Agent runtime events (agent_event):

ts
type AgentRuntimeEventPayload =
  | { kind: "ready"; atMs: number; provider: "agentd" | "openai-compatible"; baseUrl: string }
  | { kind: "status"; atMs: number; provider: "agentd" | "openai-compatible"; baseUrl: string; models: AgentModelPayload[] }
  | { kind: "error"; atMs: number; provider: "agentd" | "openai-compatible"; baseUrl: string; error: string };

Both payload families are parsed and validated before broadcast and before renderer handling.

Example: "A Page The User Doesn't Own"

There are two separate concerns here: authorization and conflict resolution.

Authorization:

  • Ownership/roles/capabilities are daemon-owned and enforced by soma-daemon.
  • If the local user is a viewer (or otherwise not allowed to write), the renderer should render read-only UI, and any "write" operations should be rejected by daemon.

Conflict resolution:

  • Collaborative document/page content must be merged using Yjs, and that happens in the daemon/peer layer.
  • Renderer LWW (updatedAtMs) is not used for document conflict resolution.

So, when another peer updates a page:

  1. soma-daemon receives the update and merges/persists it (Yjs + SQLite).
  2. Renderer learns "something changed" (via pull refetch, or via push event).
  3. Renderer re-queries the daemon for the latest page/document content and renders it.

What about local drafts (mailbox)?

  • Mailbox is a local safety net for crashes/reloads; it is not canonical.
  • If a mailbox entry exists for a page that just changed remotely, the UI should treat it as a potential divergence:
    • If mailbox is older than daemon content: mark mailbox as stale and offer "discard" (or auto-clear).
    • If mailbox is newer than daemon content: offer a "restore draft" action (which creates a new local edit intent).

Recommended improvement (for better UX and fewer false conflicts):

  • Store an additional field in the mailbox record such as:
    • baseDaemonUpdatedAtMs (or a Yjs state vector hash) so we can detect "draft is based on an older revision" precisely.

Renderer conflict policy (remote page updates)

Remote page updates should follow this deterministic policy:

ConditionActionOutcome
No local mailbox entryno-oprenderer reflects daemon state on refetch
mailbox.updatedAtMs <= daemonUpdatedAtMsclear mailbox entrystale local draft is removed
mailbox.updatedAtMs > daemonUpdatedAtMskeep mailbox, set conflictState = "ahead", record baseDaemonUpdatedAtMsuser can restore/reconcile local draft intentionally

Current implementation lives in desktop/soma/src/renderer/src/lib/document-mailbox.ts (applyRemoteMailboxPolicy) and is triggered by document-changed events from source daemon in desktop/soma/src/renderer/src/services/domain-events.ts.

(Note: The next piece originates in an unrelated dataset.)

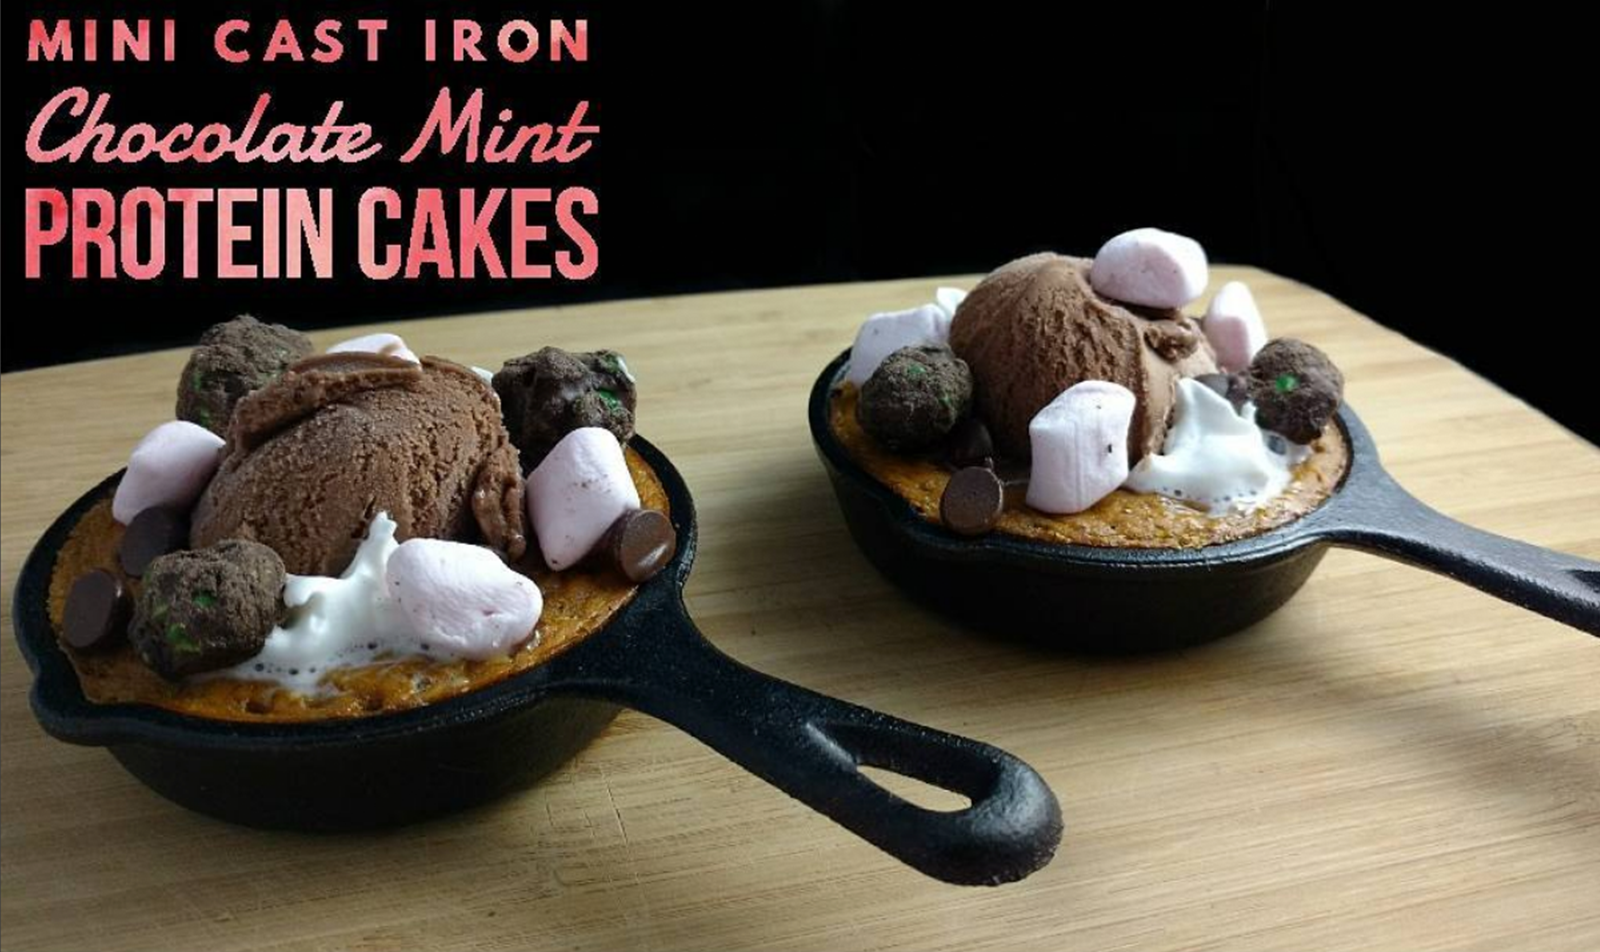 Mini Cast Iron Chocolate Mint Protein Cakes

Where LWW Applies (and where it must not)

  • LWW (updatedAtMs) is for frontend collections only:
    • tabs, routing, preferences, outbox jobs
  • LWW must not be used as the primary merge strategy for:
    • Yoopta/Yjs document content
    • capabilities/memberships
    • blob bytes (CID verification rules)

Rule of Thumb

  • If it is UX continuity: keep it in React DB (electron-store).
  • If it affects sync/security/network: it belongs in soma-daemon.
  • If it is a workflow (uploads, retries): keep job state in React DB and forward operations to daemon.